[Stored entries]
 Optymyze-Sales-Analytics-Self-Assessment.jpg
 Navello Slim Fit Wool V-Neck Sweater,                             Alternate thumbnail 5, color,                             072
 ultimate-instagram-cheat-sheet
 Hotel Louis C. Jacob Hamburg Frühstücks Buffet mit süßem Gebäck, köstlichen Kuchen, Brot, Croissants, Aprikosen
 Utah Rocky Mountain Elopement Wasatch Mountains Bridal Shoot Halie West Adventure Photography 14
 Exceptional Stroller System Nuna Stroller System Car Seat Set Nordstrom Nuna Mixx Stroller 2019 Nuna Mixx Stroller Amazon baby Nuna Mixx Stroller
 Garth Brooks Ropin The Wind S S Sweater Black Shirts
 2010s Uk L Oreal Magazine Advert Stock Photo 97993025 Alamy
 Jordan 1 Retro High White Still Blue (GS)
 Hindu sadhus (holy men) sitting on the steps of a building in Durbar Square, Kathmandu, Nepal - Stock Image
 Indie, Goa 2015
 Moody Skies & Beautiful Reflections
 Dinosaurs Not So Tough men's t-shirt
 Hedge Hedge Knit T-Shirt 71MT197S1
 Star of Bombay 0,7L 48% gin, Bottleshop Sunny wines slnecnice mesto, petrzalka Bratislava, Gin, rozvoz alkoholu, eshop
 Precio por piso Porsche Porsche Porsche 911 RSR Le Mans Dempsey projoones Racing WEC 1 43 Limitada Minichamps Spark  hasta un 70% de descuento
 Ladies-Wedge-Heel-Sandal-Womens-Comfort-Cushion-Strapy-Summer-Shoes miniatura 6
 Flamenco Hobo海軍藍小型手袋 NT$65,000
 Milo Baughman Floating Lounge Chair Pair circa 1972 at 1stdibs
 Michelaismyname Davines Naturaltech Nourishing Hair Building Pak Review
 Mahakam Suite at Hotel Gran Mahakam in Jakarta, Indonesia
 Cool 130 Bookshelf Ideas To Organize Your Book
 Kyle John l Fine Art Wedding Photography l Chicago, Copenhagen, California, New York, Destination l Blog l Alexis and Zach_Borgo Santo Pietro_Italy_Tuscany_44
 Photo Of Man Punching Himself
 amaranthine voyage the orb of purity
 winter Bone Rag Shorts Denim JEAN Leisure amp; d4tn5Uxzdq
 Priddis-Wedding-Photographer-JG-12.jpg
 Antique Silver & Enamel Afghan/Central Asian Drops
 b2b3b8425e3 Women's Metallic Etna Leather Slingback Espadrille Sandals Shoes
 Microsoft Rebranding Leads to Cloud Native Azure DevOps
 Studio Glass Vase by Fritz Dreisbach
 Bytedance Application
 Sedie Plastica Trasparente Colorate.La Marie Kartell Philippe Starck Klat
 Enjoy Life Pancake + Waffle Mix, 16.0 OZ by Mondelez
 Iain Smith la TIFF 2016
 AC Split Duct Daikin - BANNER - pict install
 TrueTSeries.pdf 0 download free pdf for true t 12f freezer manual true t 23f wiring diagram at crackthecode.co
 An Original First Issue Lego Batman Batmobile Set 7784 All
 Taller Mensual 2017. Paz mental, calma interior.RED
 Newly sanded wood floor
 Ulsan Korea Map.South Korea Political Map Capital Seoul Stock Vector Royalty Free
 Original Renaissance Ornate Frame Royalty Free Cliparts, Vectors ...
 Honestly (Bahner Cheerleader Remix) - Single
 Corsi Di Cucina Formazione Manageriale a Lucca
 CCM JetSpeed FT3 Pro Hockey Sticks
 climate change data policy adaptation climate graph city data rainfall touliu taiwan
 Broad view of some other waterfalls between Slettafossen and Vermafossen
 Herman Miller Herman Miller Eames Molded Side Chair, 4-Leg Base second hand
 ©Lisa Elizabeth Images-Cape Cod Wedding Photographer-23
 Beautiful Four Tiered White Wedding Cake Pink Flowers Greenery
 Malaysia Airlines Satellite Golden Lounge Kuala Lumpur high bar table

TASK OBJECTIVE. Starting at the first line of the records above, please copy each line exactly until you reach the line containing "Hotel Louis C.". Include that line and stop there.

OUTPUT OF THE TASK.
 Optymyze-Sales-Analytics-Self-Assessment.jpg
 Navello Slim Fit Wool V-Neck Sweater,                             Alternate thumbnail 5, color,                             072
 ultimate-instagram-cheat-sheet
 Hotel Louis C. Jacob Hamburg Frühstücks Buffet mit süßem Gebäck, köstlichen Kuchen, Brot, Croissants, Aprikosen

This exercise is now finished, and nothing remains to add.